Among these assets, sustainable buildings stand out as crucial elements in the transition to a more planet-friendly economy. However, for a building to be considered a green asset, it must exhibit certain fundamental characteristics:


Energy Efficiency and Responsible Resource Use


Carbon footprint reduction standards require that the asset contributes to reducing greenhouse gas emissions and the overall carbon footprint. This objective can be achieved at various stages, from design and manufacturing to use and end-of-life. To achieve this, the use of non-renewable resources such as rare metals and fossil fuels should be minimized while the use of recycled materials and the promotion of circular economy principles are favored. Efficient water use and management are also essential, with practices like rainwater harvesting, adoption of water-saving technologies and implementation of appropriate treatment systems.


Occupant Comfort and Well-being


A significant aspect of a green building is providing a comfortable and healthy indoor environment for residents. If the property is an indoor space, it is imperative to maintain good air quality by using low volatile organic compound (VOC) emitting materials, ensuring adequate ventilation and promoting occupant health. Optimizing temperature control, maintaining air cleanliness and reducing noise levels are all factors to consider. Its location and accessibility also play an important role and must be chosen to promote sustainable mobility and minimize impact on sensitive ecosystems.


Sustainable Innovation


Long-term sustainability is crucial to avoid the need for frequent replacements and reconstructions. At the same time, sustainable innovation is a vital component of green assets, including innovative technologies and approaches that further enhance environmental performance and sustainability.
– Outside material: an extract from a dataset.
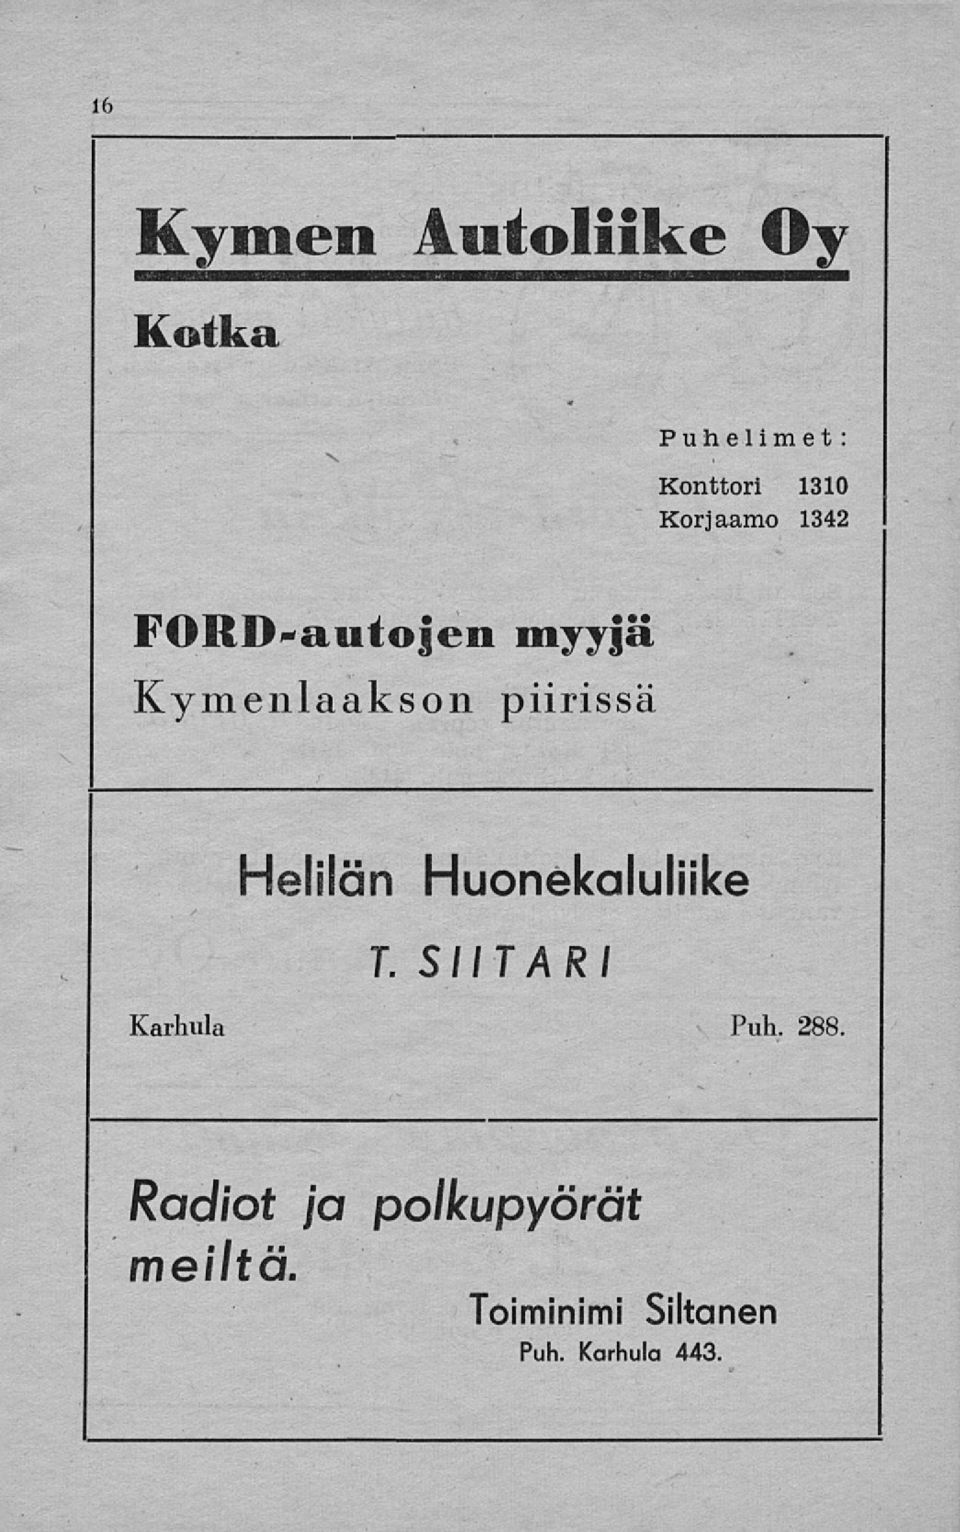 Helilän Huonekaluliike T. SIITÄRI Karhula Puh. 288.

Green buildings can thus achieve maximum efficiency in both construction and operation.

A concrete example is passive design, an increasingly popular concept. The goal is to optimally utilize local climate conditions to create and maintain an ideal indoor climate for building occupants while reducing reliance on energy sources and environmental control devices.
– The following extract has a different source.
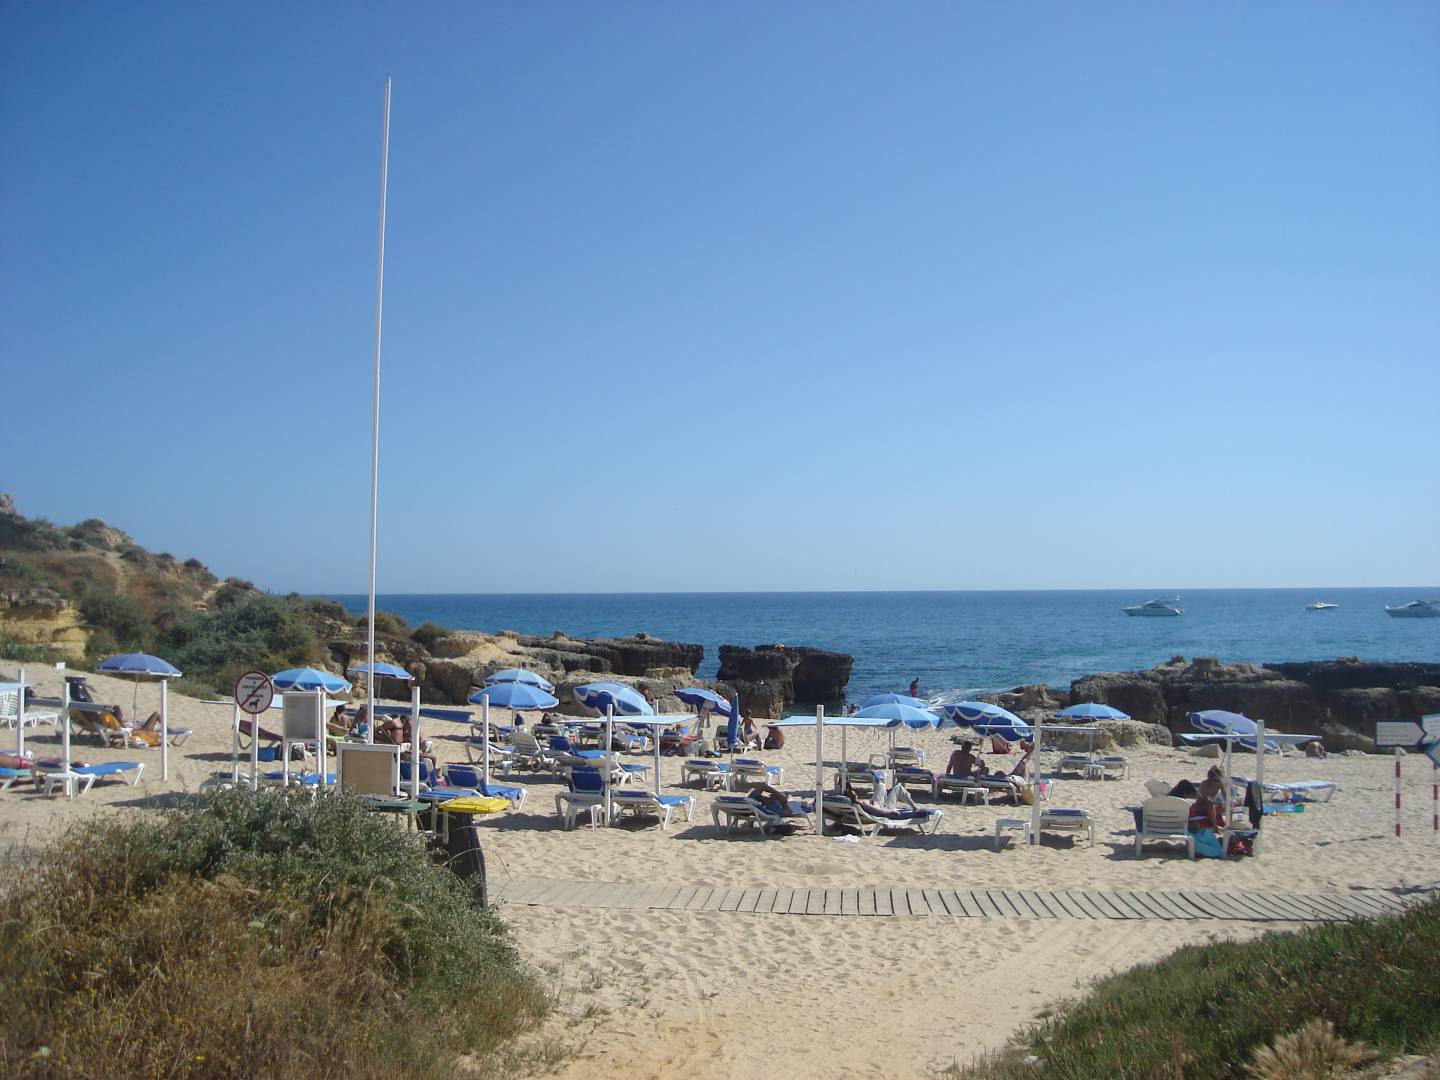 Praia do Evaristo - Albufeira | All About Portugal

II. Action Drivers: Certifications and Labels


Certifications and labels contribute to the promotion of sustainable buildings as green assets. They provide official recognition of a building's environmental and social performances. In an increasingly sustainability-focused market, they enable green buildings to stand out and differentiate themselves as environmentally friendly options. Among the most notable certifications are LEED (Leadership in Energy and Environmental Design), BREEAM (Building Research Establishment Environmental Assessment Method) and HQE (High Environmental Quality). These standards evaluate various criteria such as eco-friendly design, resource management, energy efficiency, and occupant comfort.


III. Pillar of a Promising Future


Green assets encompass far more than a mere environmental response; they offer tangible benefits. By aligning their investments with the principles of the Taxonomy, property owners and developers embark on a path of sustainability leadership. They shape a future where innovation and environmental responsibility lie at the heart of their strategy. This strategic positioning transcends financial returns, as it bolsters their reputation and brand image as pioneers committed to constructing a planet-respecting world. This is an investment that extends beyond the boundaries of the present to provide a sustainable and promising future, while driving positive societal transformation.

However, challenges like initial costs and emerging technologies demand ingenious solutions. Yet, financial incentives, technological advancements, and innovative business models open doors to overcome these hurdles.